Task objective - This exercise calls for an exact copy of the listing, with no pictures kept.

Given information -
((
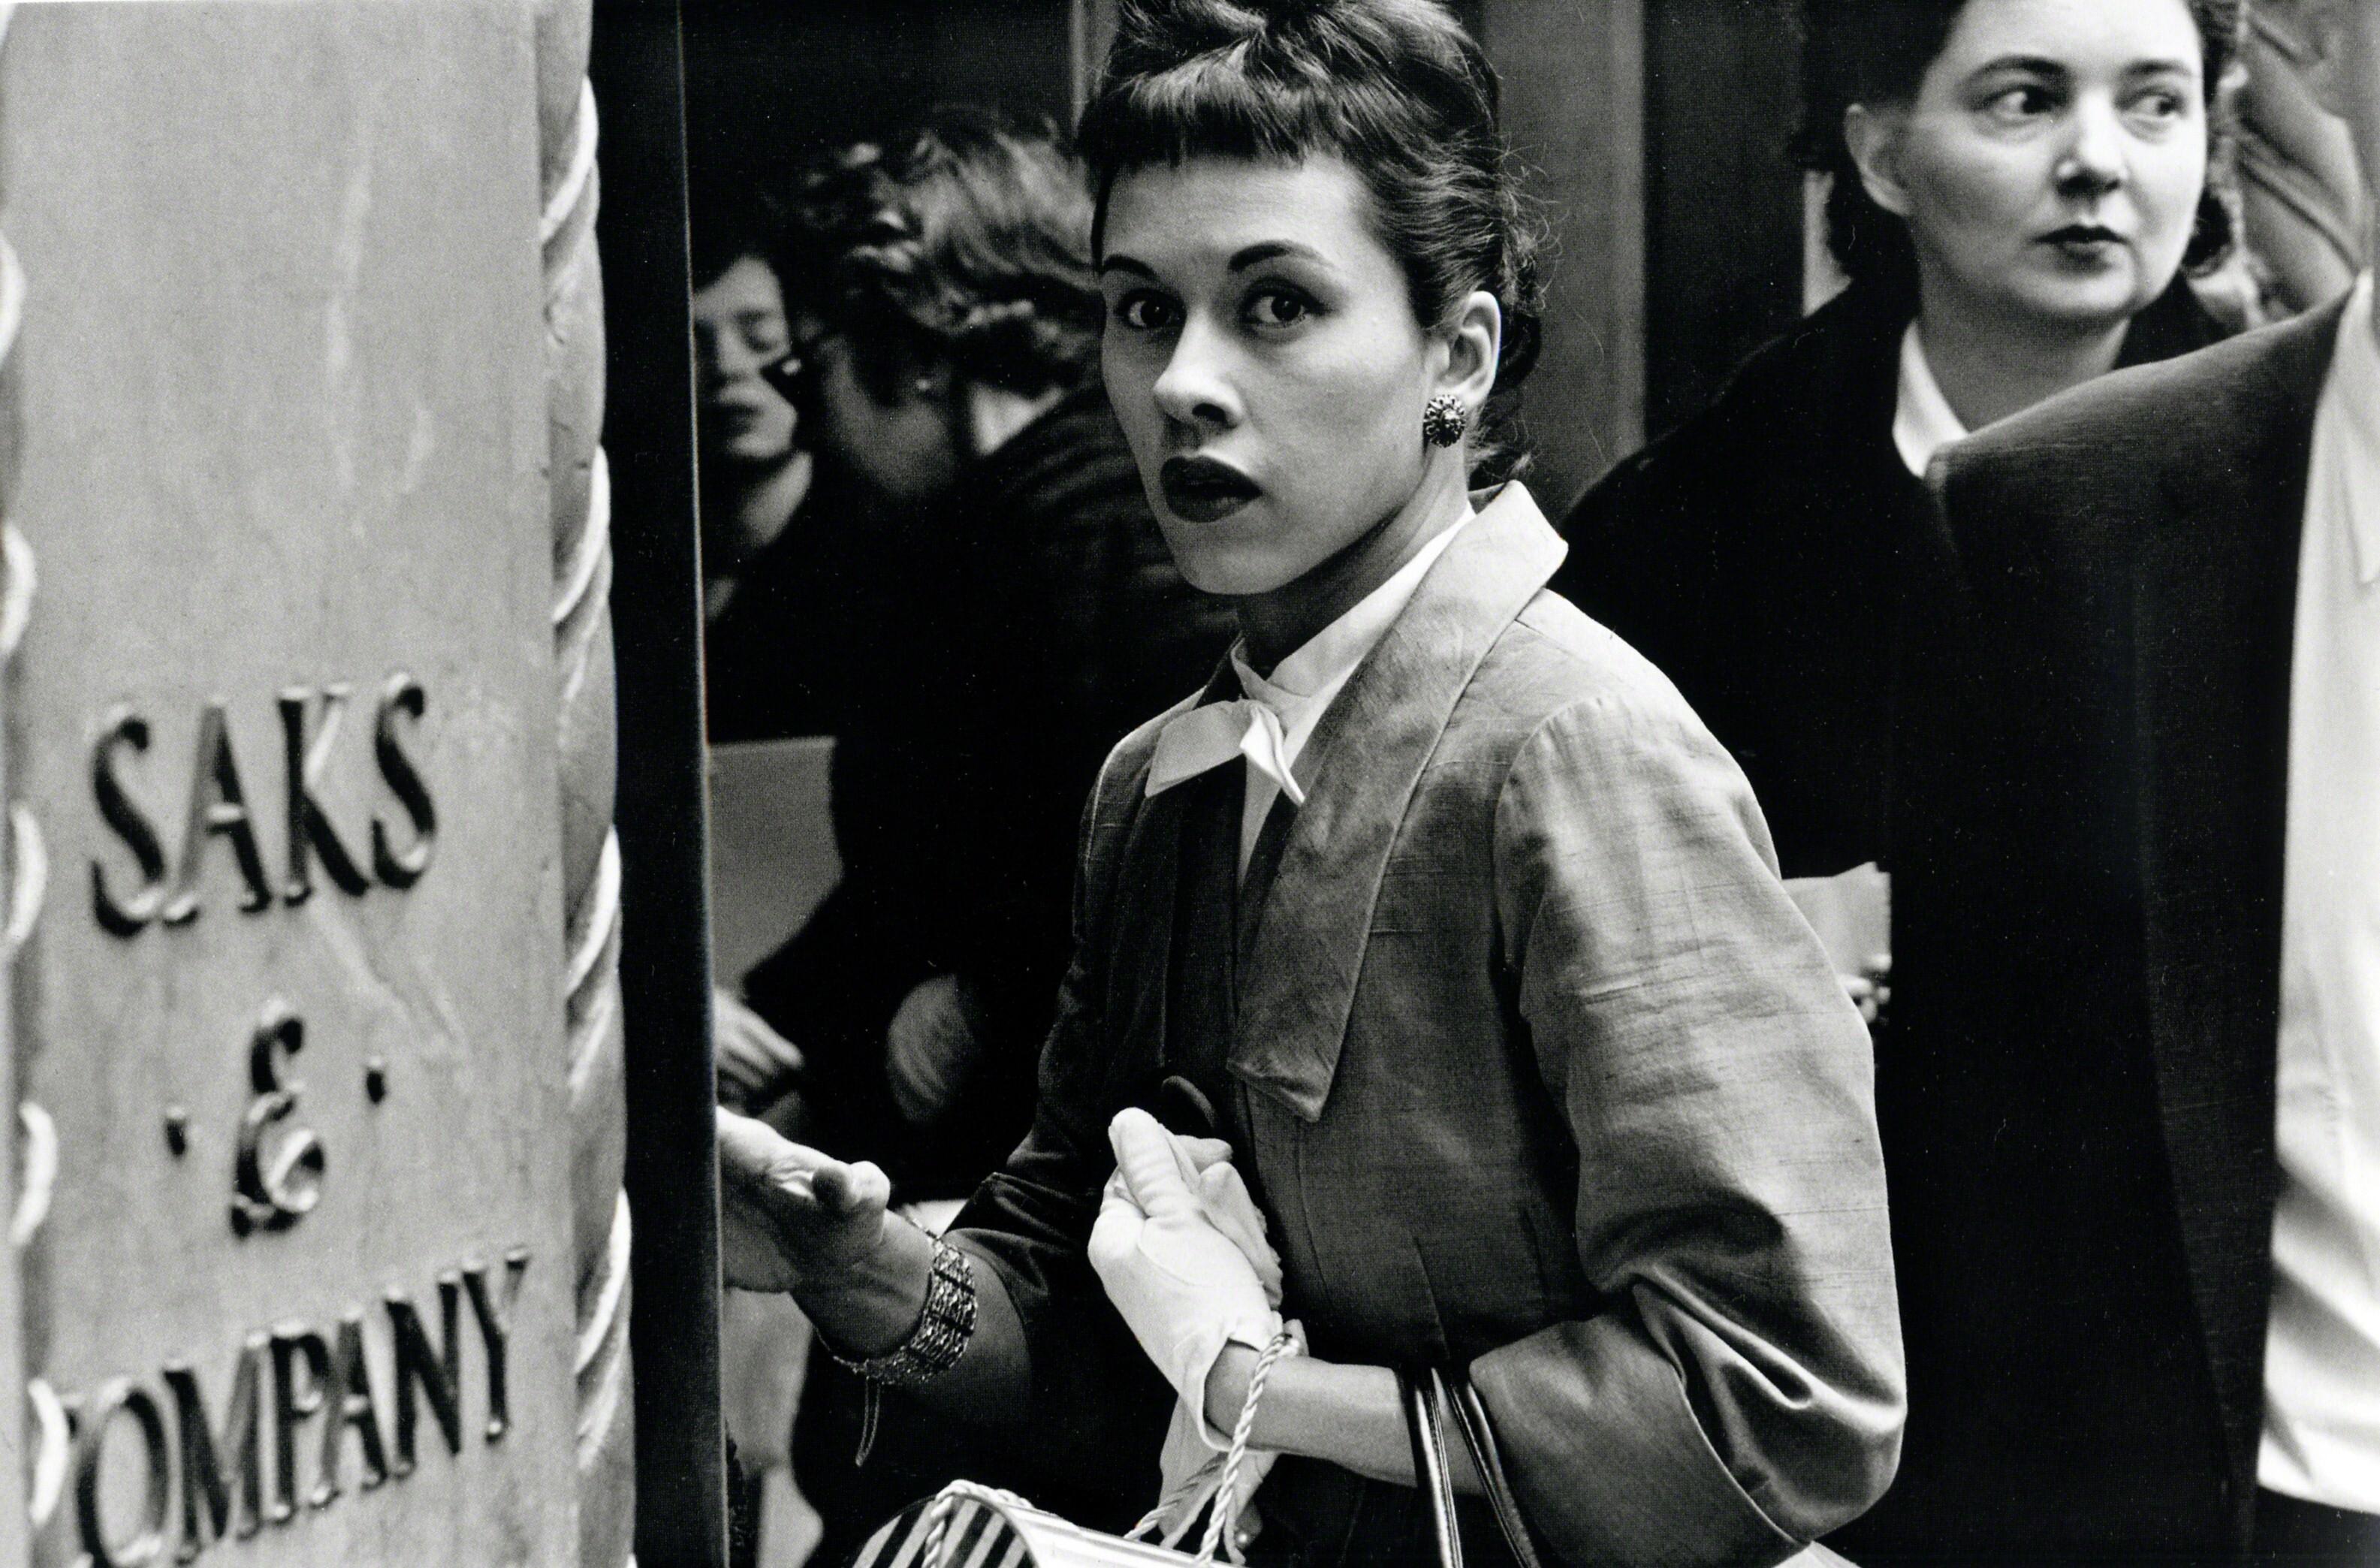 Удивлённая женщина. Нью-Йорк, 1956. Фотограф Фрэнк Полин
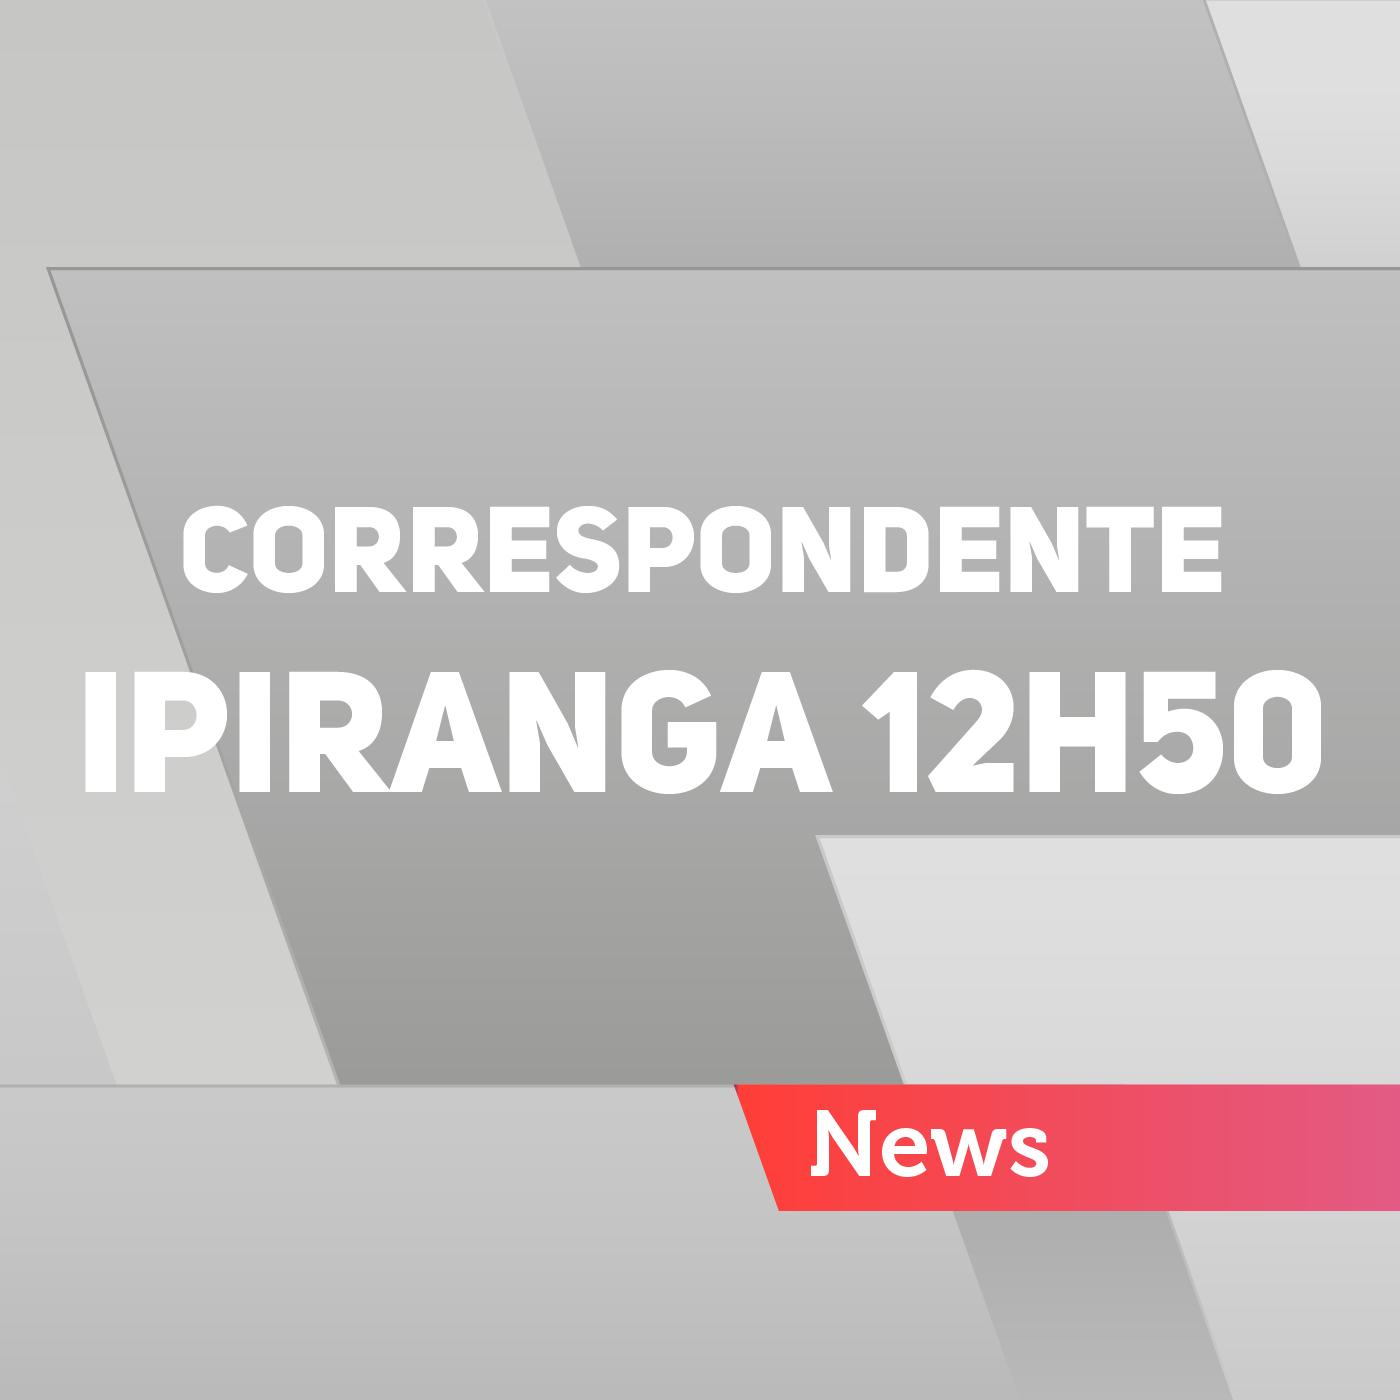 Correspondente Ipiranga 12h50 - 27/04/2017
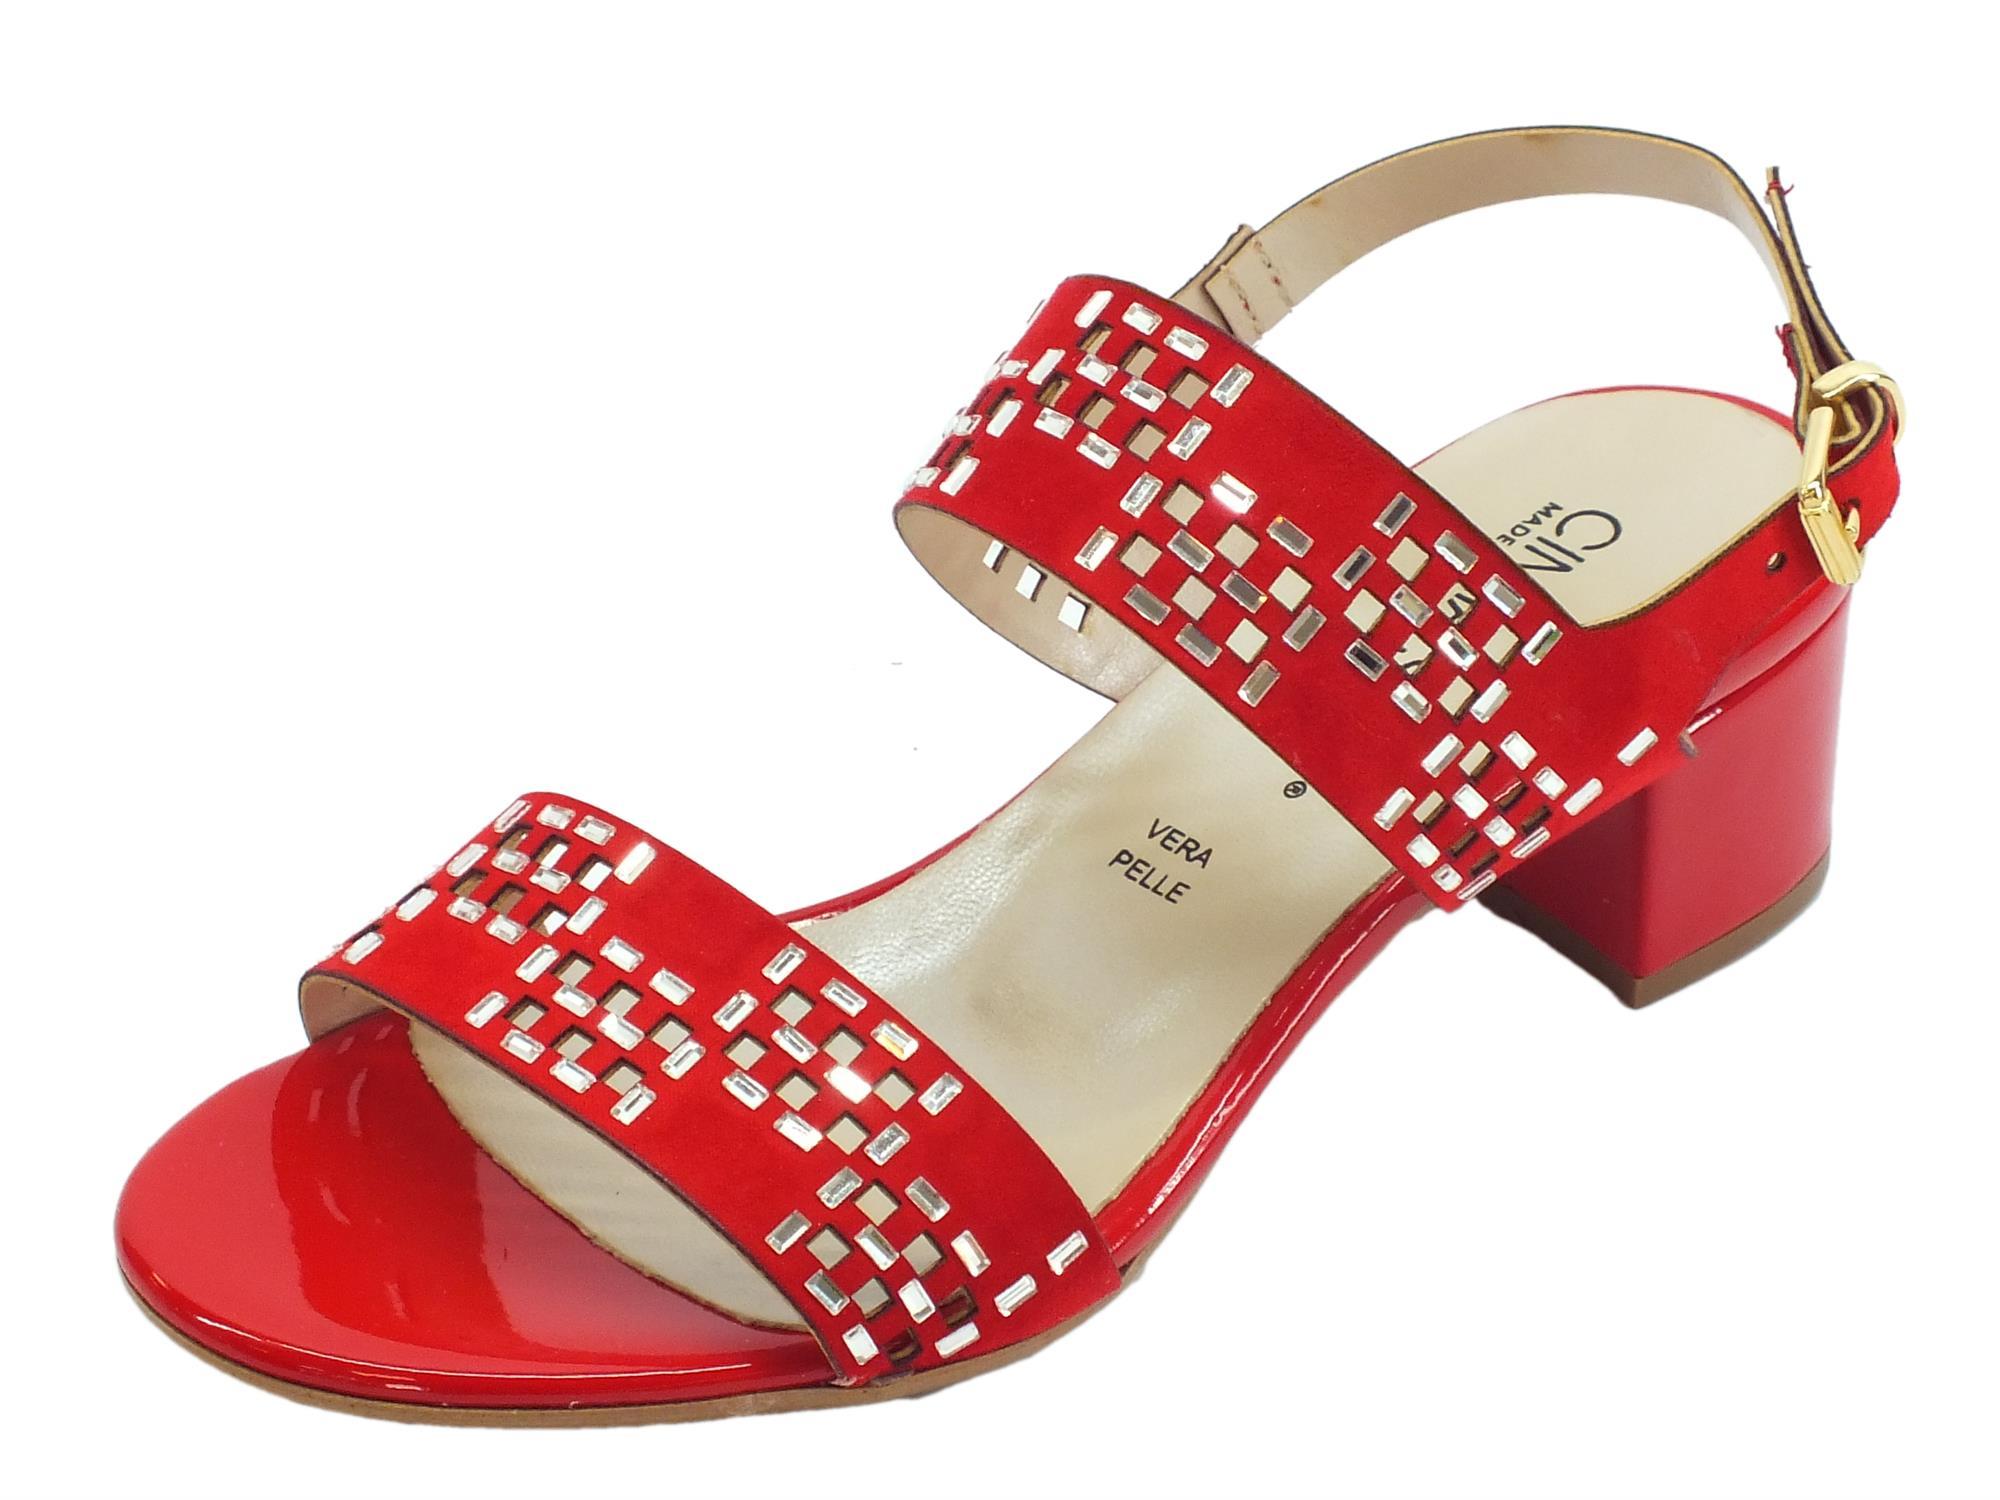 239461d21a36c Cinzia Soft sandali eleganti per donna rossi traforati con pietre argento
))
Finished exercise -
 Удивлённая женщина. Нью-Йорк, 1956. Фотограф Фрэнк Полин
 Correspondente Ipiranga 12h50 - 27/04/2017
 239461d21a36c Cinzia Soft sandali eleganti per donna rossi traforati con pietre argento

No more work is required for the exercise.